Reolysin Combined With Docetaxel and Prednisone or Docetaxel and Prednisone Alone in Metastatic Castration Resistant Prostate Cancer

This study is currently recruiting participants. (see Contacts and Locations)
Verified February 2014 by NCIC Clinical Trials Group
Sponsor:
Collaborator:
Oncolytics Biotech
Information provided by (Responsible Party):
NCIC Clinical Trials Group
ClinicalTrials.gov Identifier:
NCT01619813
First received: June 12, 2012
Last updated: September 16, 2014
Last verified: February 2014
  Purpose

The purpose of this study is to find out if giving Reolysin in combination with docetaxel and prednisone can offer better results than standard therapy with docetaxel and prednisone.

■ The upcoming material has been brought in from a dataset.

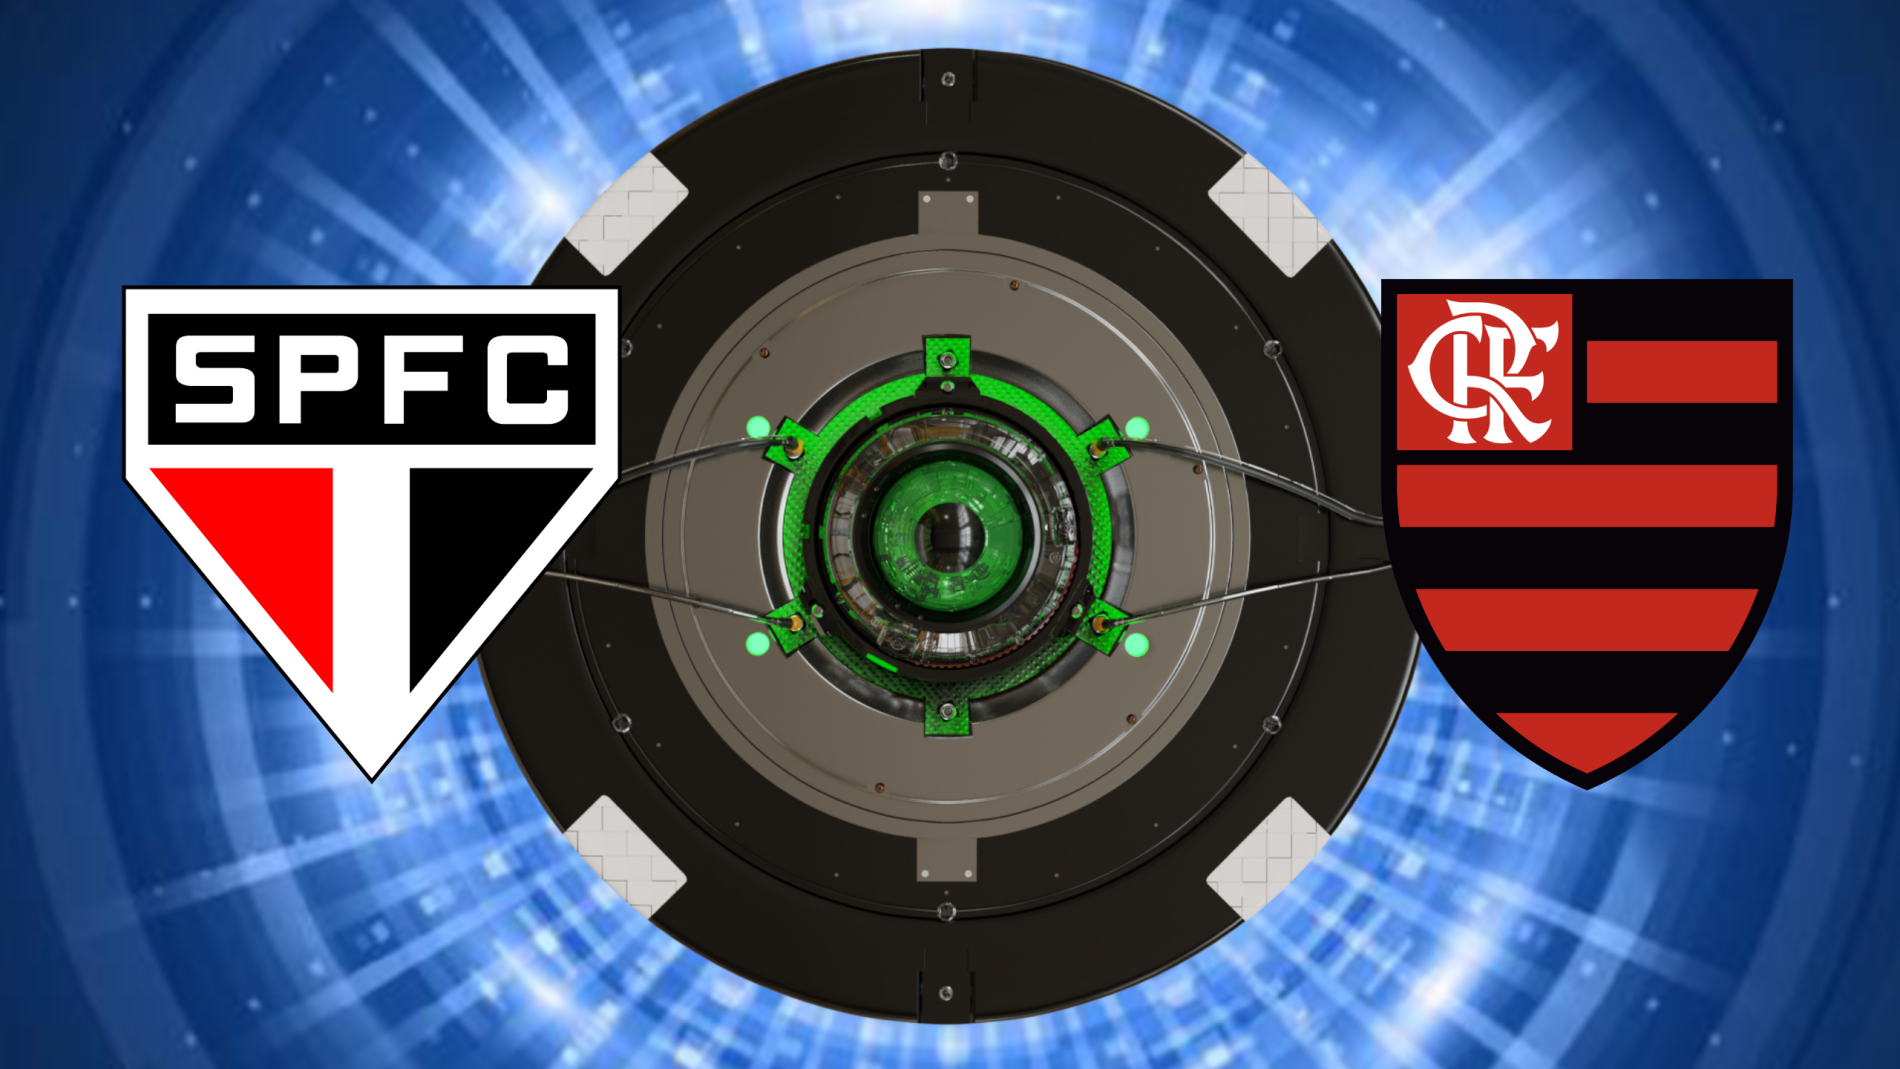 Flamengo x São Paulo ao vivo: onde assistir à final da Copa do Brasil hoje
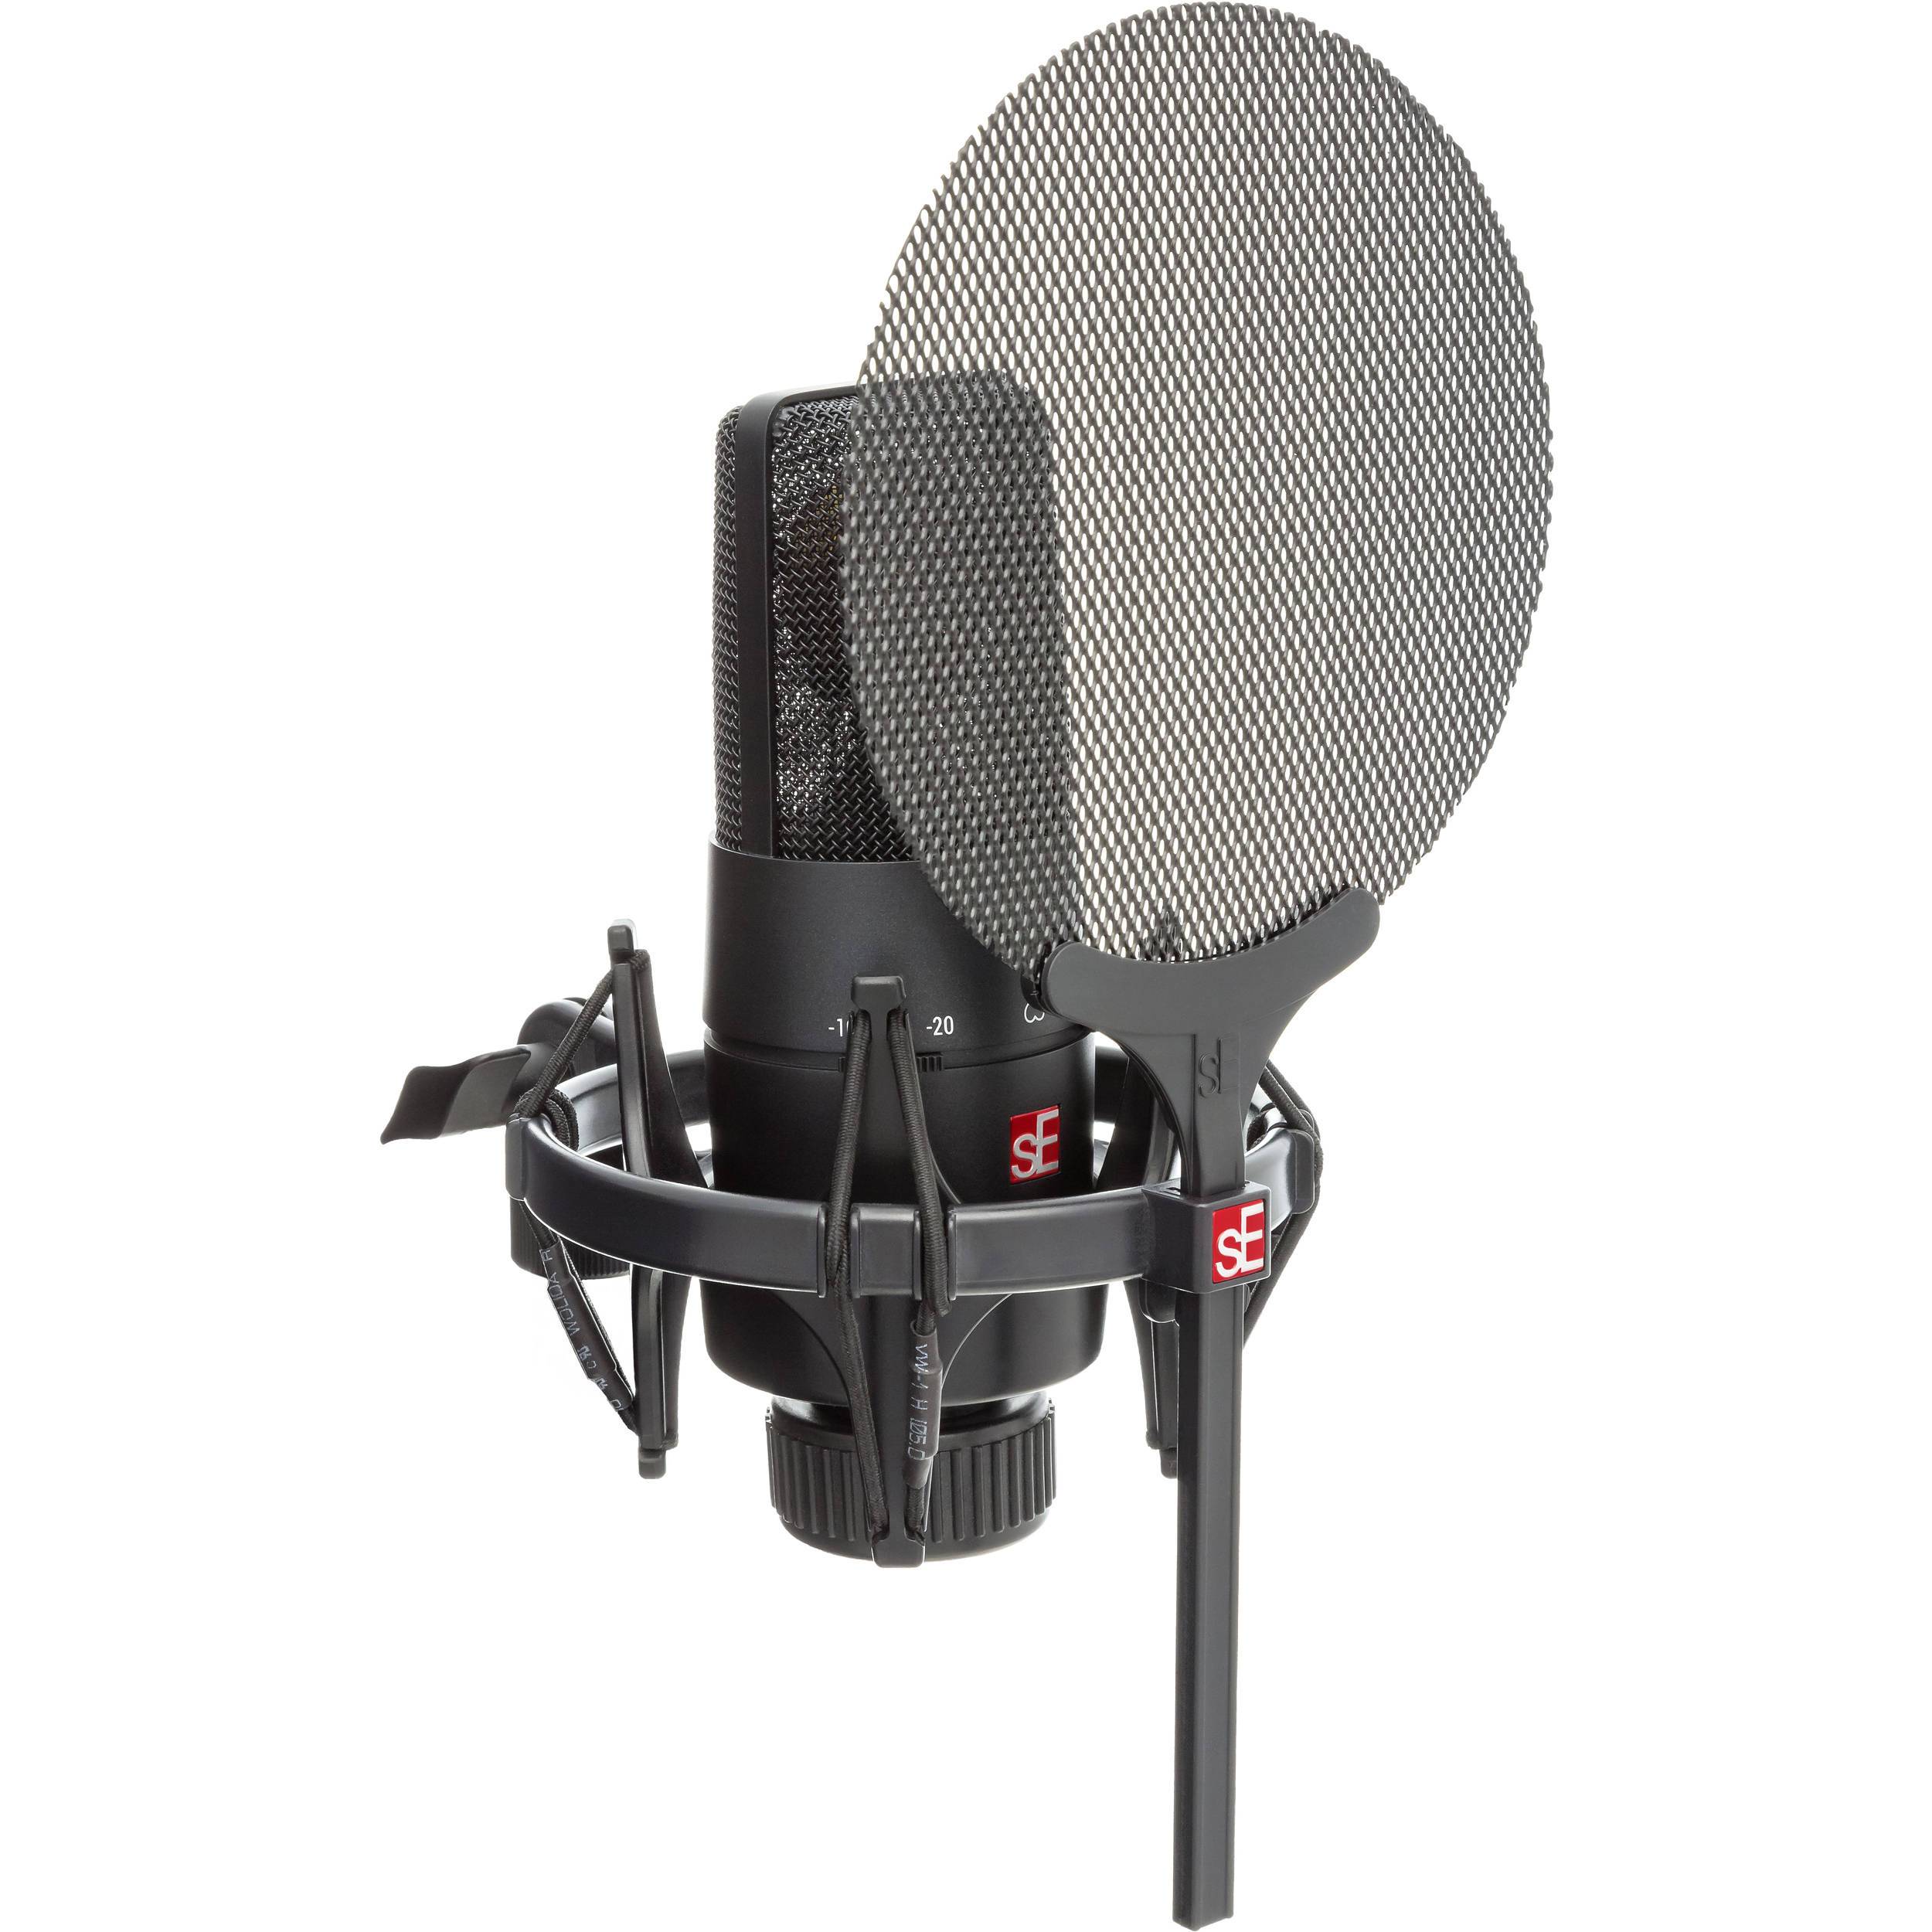 sE Electronics X1 S Vocal Micrófono de Condensador (Incluye Shockmount, Filtro Antipop y Cable) Micrófonos de Condensador sE Electronics

Condition Intervention Phase
Prostate Cancer
Drug: Docetaxel, Reolysin and Prednisone
Drug: Docetaxel and Prednisone
Phase 2

Study Type: Interventional
Study Design: Allocation: Randomized
Endpoint Classification: Safety/Efficacy Study
Intervention Model: Parallel Assignment
Masking: Open Label
Primary Purpose: Treatment
Official Title: A Randomized Phase II Study of Reolysin in Combination With Docetaxel and Prednisone or Docetaxel and Prednisone Alone in Patients With Metastatic Castration Resistant Prostate Cancer

Resource links provided by NLM:


Further study details as provided by NCIC Clinical Trials Group:

Primary Outcome Measures:
  • Disease Progression [ Time Frame: 12 weeks ] [ Designated as safety issue: No ]
    Efficacy will be based on the lack of disease progression measured at 12 weeks.


Secondary Outcome Measures:
  • Effect of Docetaxel and Reolysin on circulating tumour cells [ Time Frame: 12 weeks ] [ Designated as safety issue: No ]
    Effect of docetaxel and Reolysin on the circulating tumour cell (CTC) favourable status (< 5 CTC per 7.5mL). Effect will be measured after 6 and 12 weeks of treatment.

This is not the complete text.